I looked around. Eros was present in many couples. But I could sense the presence of Good Eros and Evil Eros, exactly as Petrus had described.

“Observe how curious it is,” my guide continued, “in spite of being good and bad, the face of Eros is never the same in each person.”

The band started to play a waltz. People went to a small cemented space in front of the bandstand to dance.

The alcohol started to rise and everyone was happier and sweating more. I noticed a girl dressed in blue who probably waited for this wedding only for the moment of the waltz because she wanted to dance with someone with whom she dreamed of embracing ever since her first adolescence years.

Her eyes followed the moves of a welldressed young man in a bright suit among a round of friends. They were talking happily, they hadn’t noticed that the waltz had started; they didn’t notice that at a few meters distance there was a girl in blue looking insistently to one of them.

It reminded me of the small cities, of the marriages with the chosen boys longed for since childhood. The girl in blue noticed my look and moved away.

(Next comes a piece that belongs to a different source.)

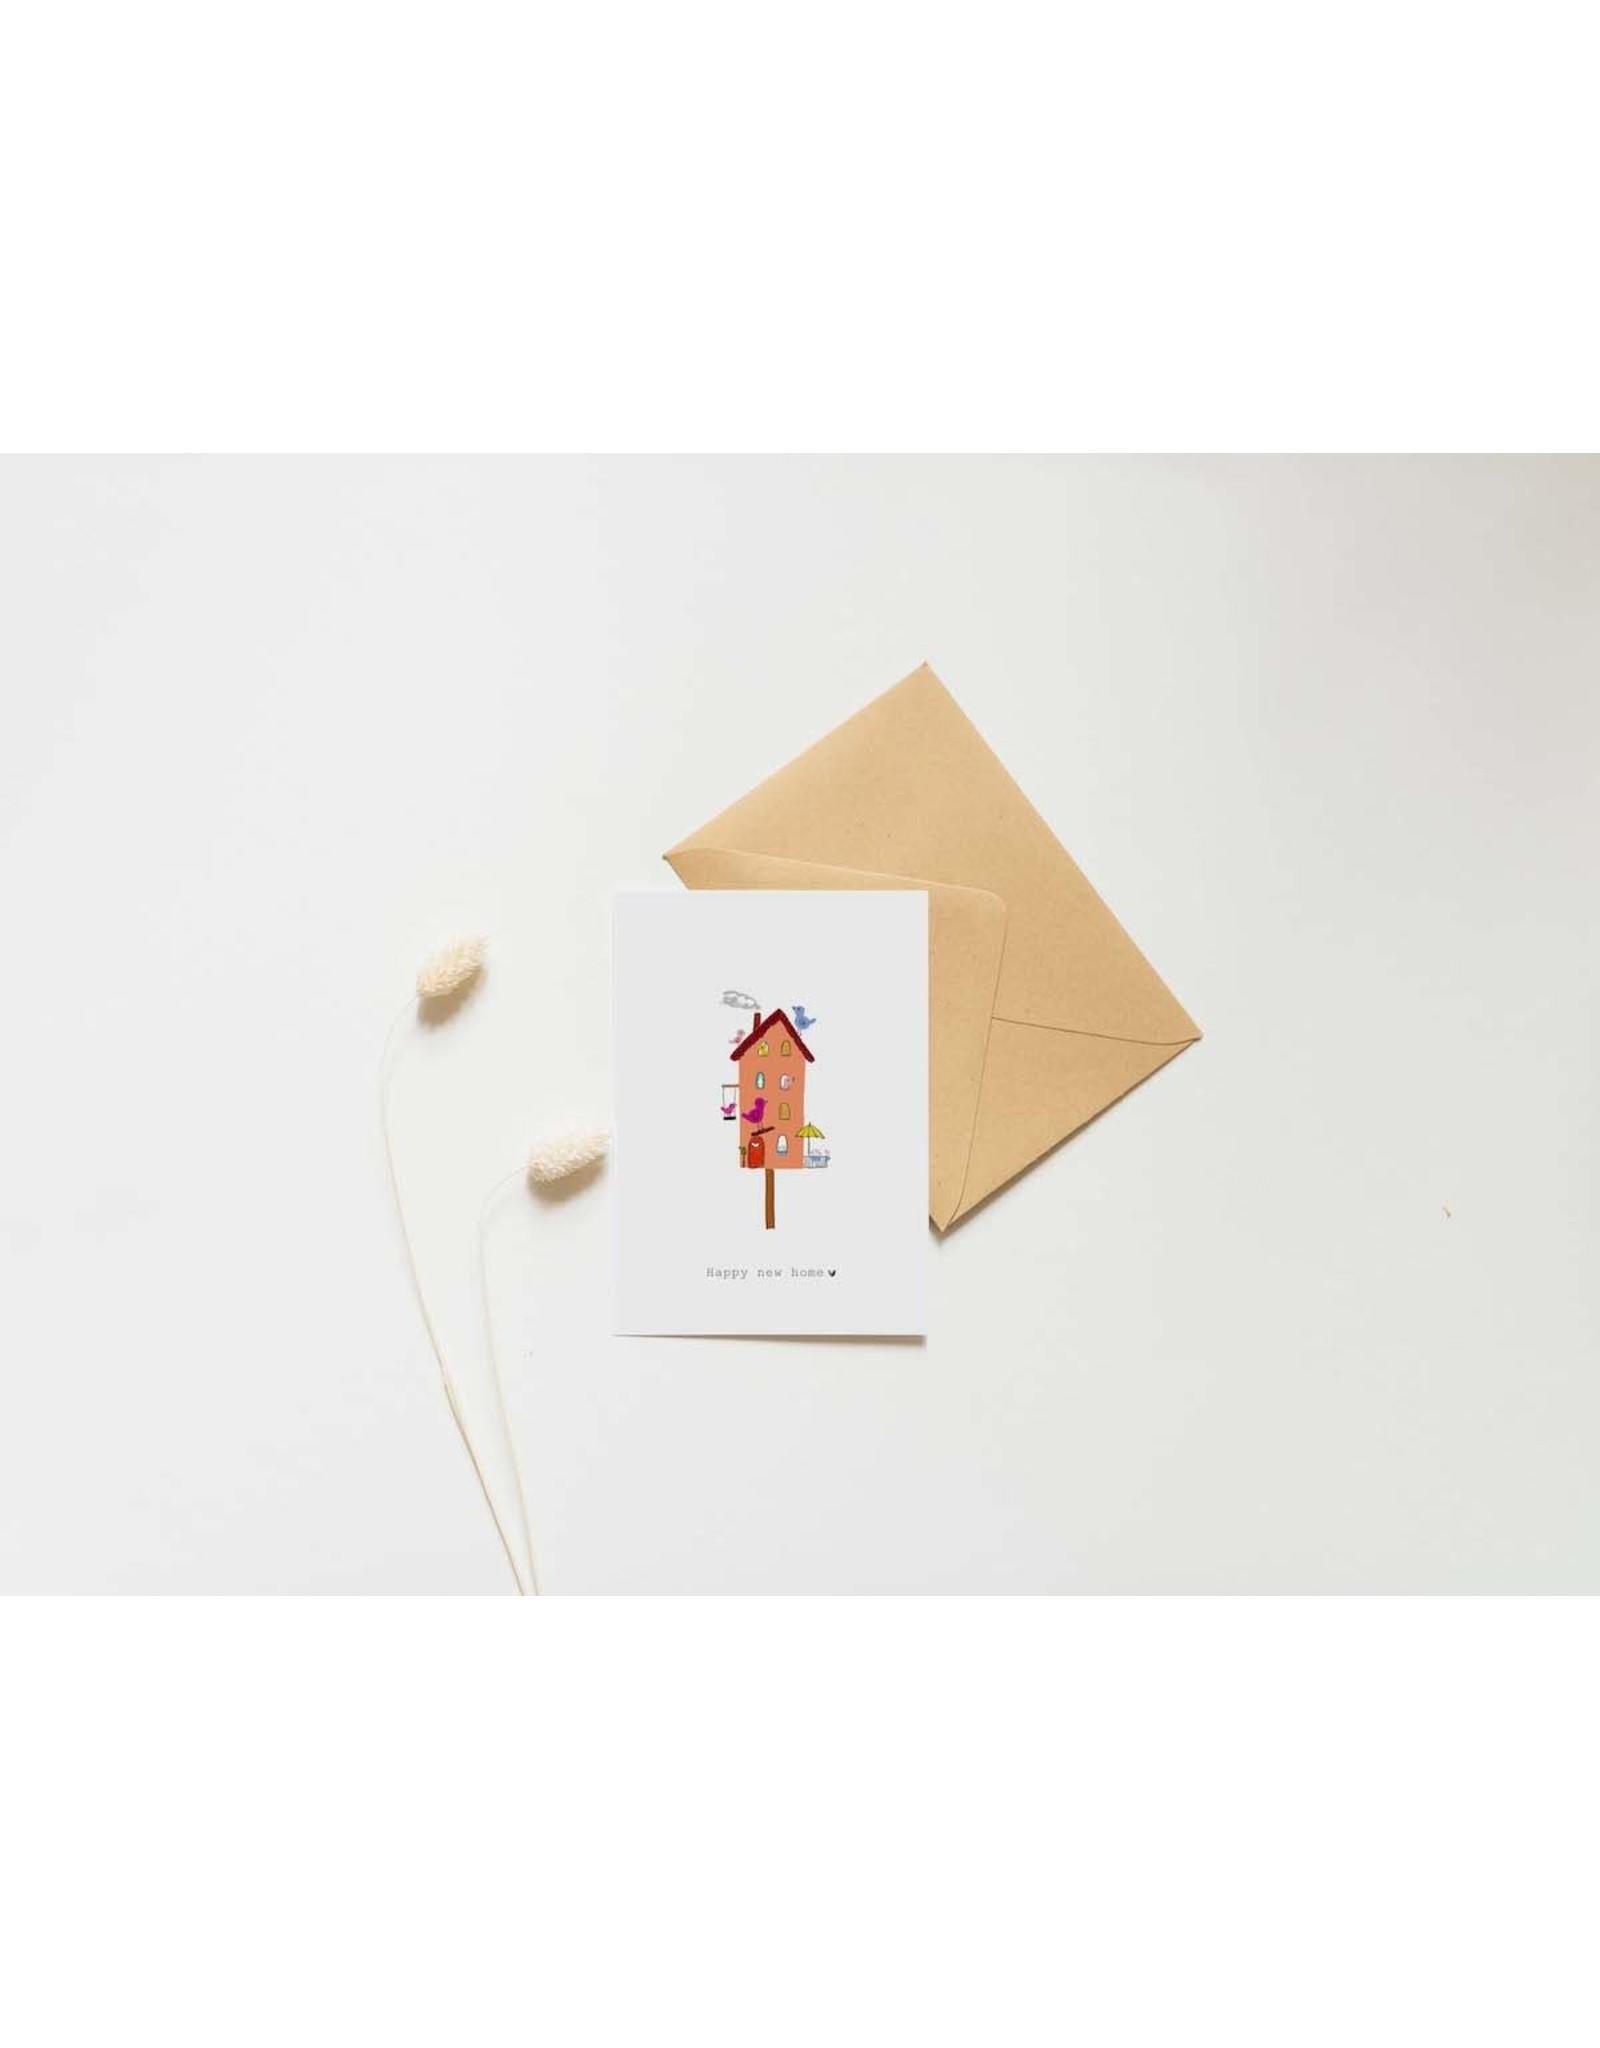 Nadine illustraties Wenskaart - Vogelhuisje Happy new house - Dubbele Kaart met envelop - blanco

And as if every move were concerted, it was the boy’s turn to look for her with his eyes. As he noticed her near other girls, he went back to talking happily to his friends.

I called Petrus’ attention to them. He followed their staring games for a while and then turned back to his cup of wine.

“They act as if it was a shame to show they love each other,” was his only commentary.

Another girl looked fixedly at both of us; she should be half our age. Petrus raised his cup of wine, cheered, the girl smiled bashfully, pointed to her parents, almost apologizing for not getting nearer. “That is the beautiful side of love,” he said.

“The love that defies, the love for two older strangers who came from afar and will already have left tomorrow for a path she would also like to walk. Love prefers adventure.”